Files
qai-cli/examples/meter-detection

YOLO26 Electric Meter Detection Example

This example trains a YOLO26 object detection model on the Roboflow Universe electric meter dataset using the existing qc-cli SageMaker training flow.

The workflow is intentionally command driven. Run each step yourself so you can inspect the dataset, update config.yaml, and decide when to submit the SageMaker job.

Dataset:

https://universe.roboflow.com/kemals-workspace-kbc8l/electric-meter-detection-o4tfi/dataset/1

Prerequisites

  • AWS credentials configured for the profile in config.yaml
  • Infrastructure already deployed with uv run qc-cli infra setup
  • A Roboflow API key exported as ROBOFLOW_API_KEY
  • curl and unzip available locally

Install or sync the project dependencies:

uv sync

Set the Roboflow API key for the current shell:

export ROBOFLOW_API_KEY=your-roboflow-api-key

1. Download The Dataset

Download version 1 of the dataset in YOLO format. The script uses the Roboflow REST API directly and does not require Python:

bash examples/meter-detection/download_dataset.sh

Confirm the extracted dataset has a YOLO data file and image splits:

find examples/meter-detection/data/electric-meter-detection -maxdepth 2 -type d | sort
find examples/meter-detection/data/electric-meter-detection -name data.yaml -print

The expected layout is similar to:

examples/meter-detection/data/electric-meter-detection/
  data.yaml
  train/
  valid/
  test/

The test/ split may be absent depending on the exported dataset version.

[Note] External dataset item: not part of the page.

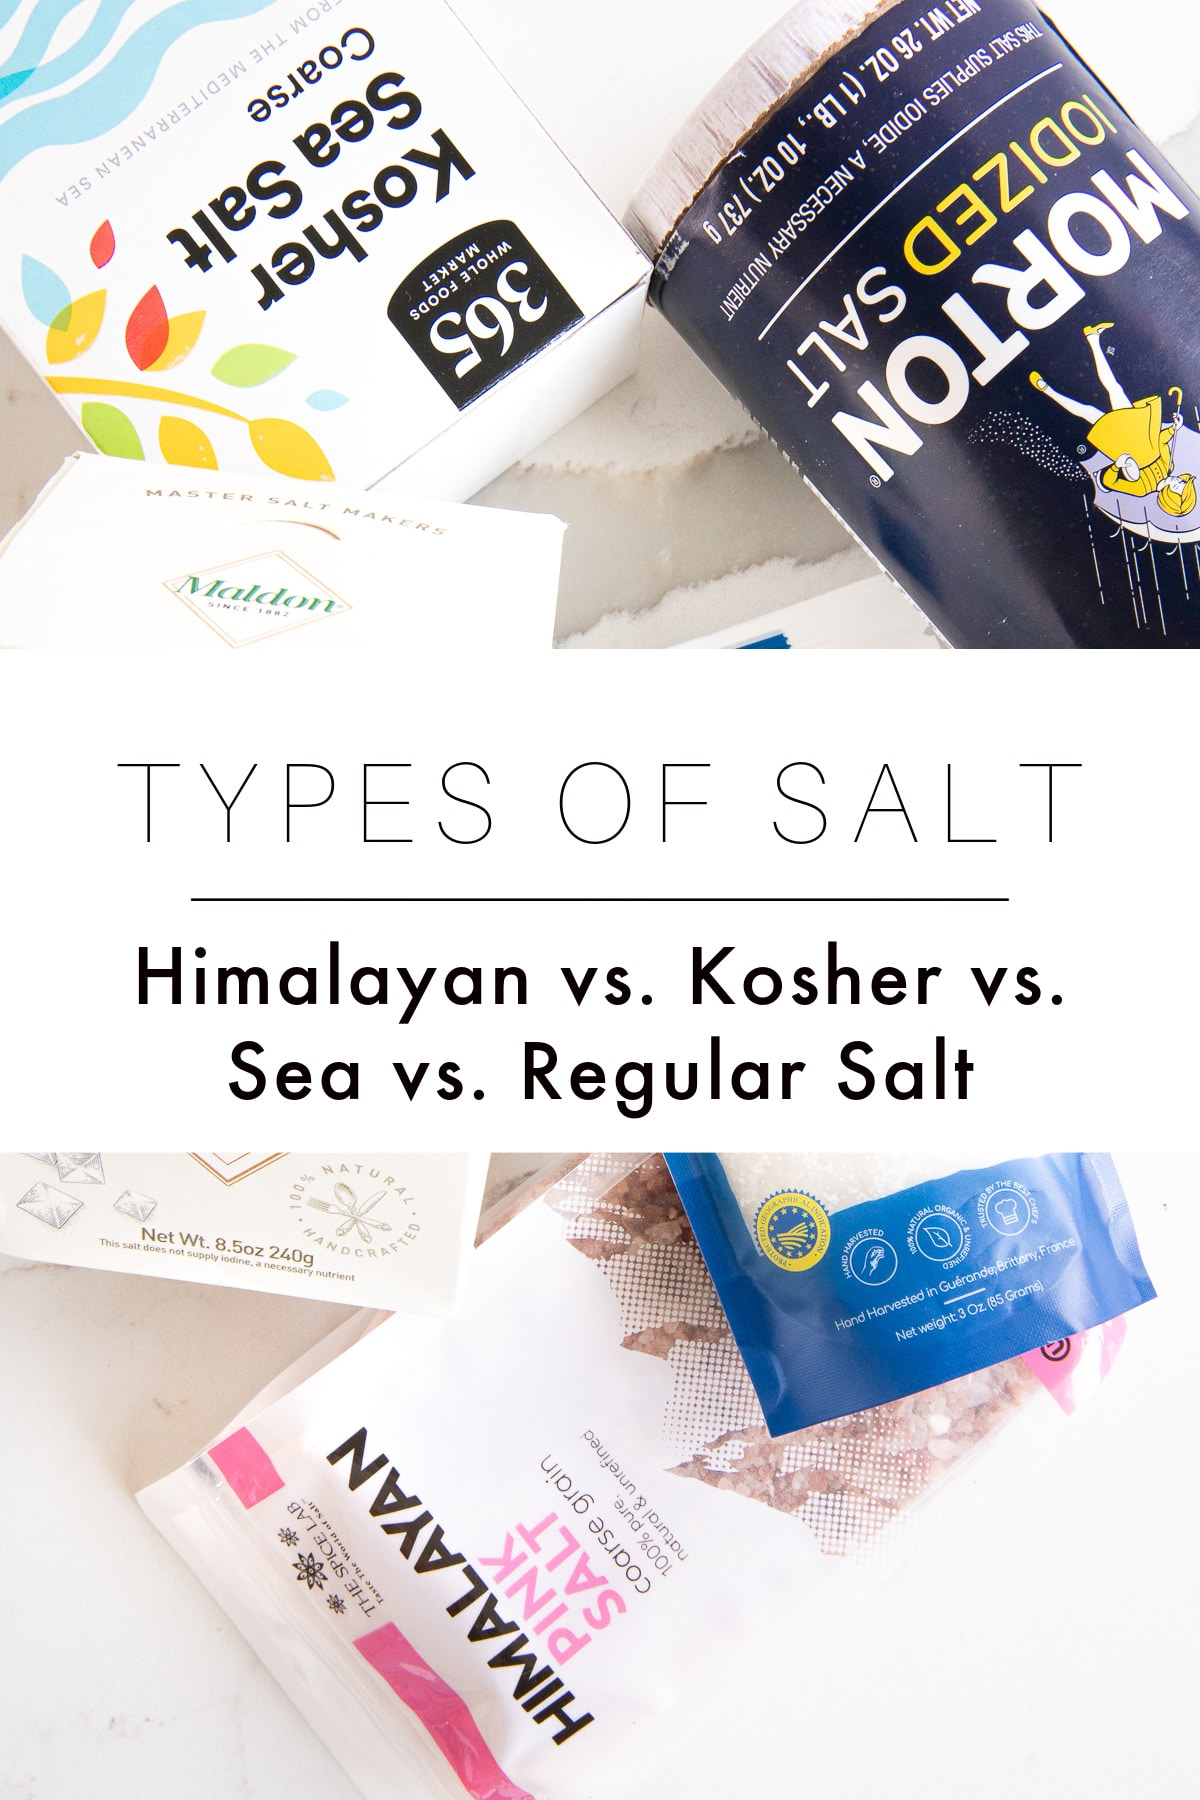 "Image showing five different types of salt in their original packaging arranged on a slab of quartz with text overlay ""types of salt: Himalayan vs. Kosher vs. Sea vs. Regular Salt"""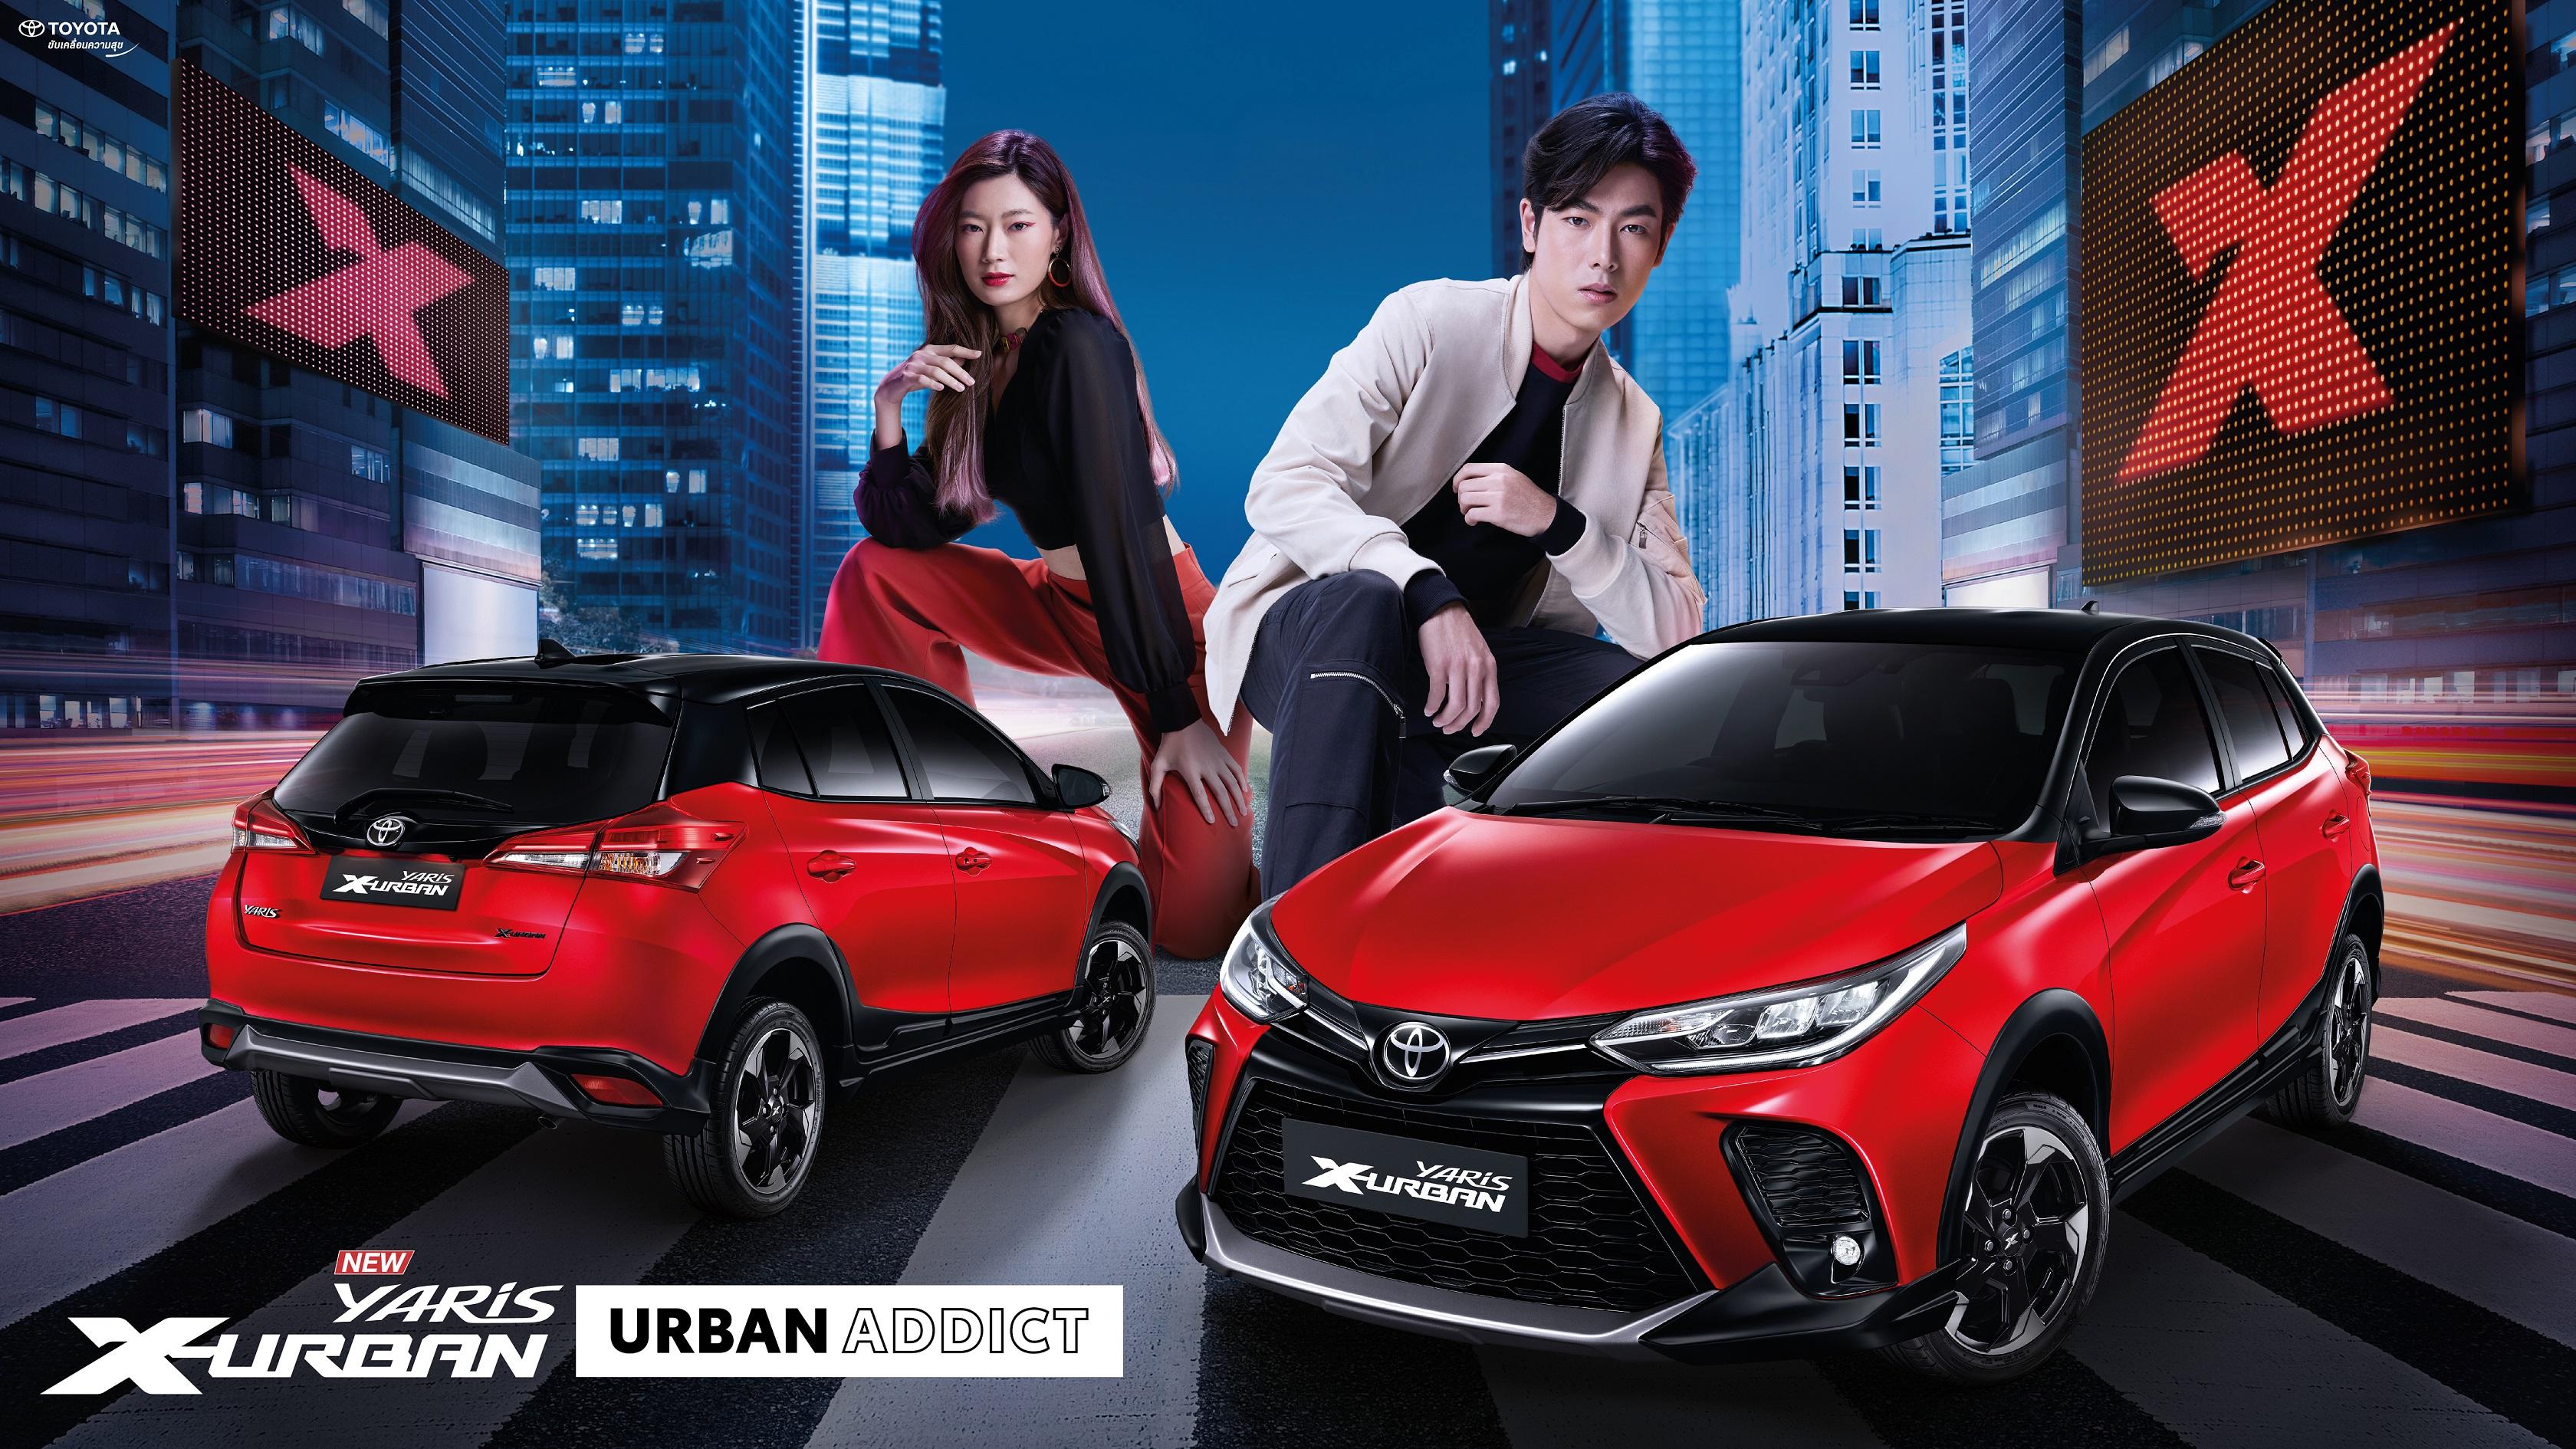 Toyota Yaris Ativ 2021 X-Urban Flash II Package AutoinfoOnline (11)

2. Configure SageMaker Training

Update config.yaml so the training section points at this example's source directory:

sagemaker:
  training:
    image_uri: 763104351884.dkr.ecr.us-east-1.amazonaws.com/pytorch-training:2.6-cpu-py312-ubuntu22.04-sagemaker-v1
    instance_type: ml.g4dn.xlarge
    instance_count: 1
    source_dir: examples/meter-detection/source
    entry_point: train.py
    hyperparameters:
      model: yolo26n.pt
      epochs: 25
      imgsz: 640
      batch: 16
      workers: 2

Use yolo26n.pt for a lightweight first YOLO26 run. If those weights are unavailable in the installed Ultralytics package, use yolo11n.pt as the established fallback:

      model: yolo11n.pt

The source/requirements.txt file is installed by the SageMaker PyTorch container before running train.py.

For a CPU smoke test, use a CPU instance and reduce the workload:

sagemaker:
  training:
    image_uri: 763104351884.dkr.ecr.us-east-1.amazonaws.com/pytorch-training:2.6-cpu-py312-ubuntu22.04-sagemaker-v1
    instance_type: ml.m4.xlarge
    instance_count: 1
    source_dir: examples/meter-detection/source
    entry_point: train.py
    hyperparameters:
      model: yolo26n.pt
      epochs: 1
      imgsz: 320
      batch: 4
      workers: 2

3. Check Infrastructure

Confirm the CLI can see the configured SageMaker role and S3 bucket:

uv run qc-cli infra status --config config.yaml

4. Upload The Dataset

Upload the downloaded Roboflow dataset to the s3.data_prefix configured in config.yaml:

uv run qc-cli upload examples/meter-detection/data/electric-meter-detection --config config.yaml

Directory uploads preserve paths relative to the uploaded directory, so SageMaker receives the dataset root with data.yaml plus the split directories.

5. Start Training

Submit the SageMaker training job:

uv run qc-cli train start --config config.yaml

The command prints the submitted SageMaker job name. Check progress with:

uv run qc-cli train status --config config.yaml

Or pass the job name explicitly:

uv run qc-cli train status qc-cli-YYYYMMDD-HHMMSS --config config.yaml

Outputs

When the job completes, SageMaker packages the files written under /opt/ml/model into model.tar.gz.

This example writes:

best.pt
model.onnx
metrics.json

The archive is stored under the configured s3.model_prefix.

Training Hyperparameters

Values under sagemaker.training.hyperparameters are passed to source/train.py as command-line arguments.

Name Type Default Description
model string yolo26n.pt Ultralytics model weights or model YAML.
epochs int 25 Number of training epochs.
imgsz int 640 Square training image size.
batch int 16 Images per training batch.
workers int 2 DataLoader worker count.
patience int 20 Early stopping patience.
device string auto Optional Ultralytics device value such as 0 or cpu.
data-yaml string auto Optional path to data.yaml; normally discovered from SM_CHANNEL_TRAIN.

Do not set train-dir or model-dir in normal SageMaker runs. SageMaker sets those automatically through SM_CHANNEL_TRAIN and SM_MODEL_DIR.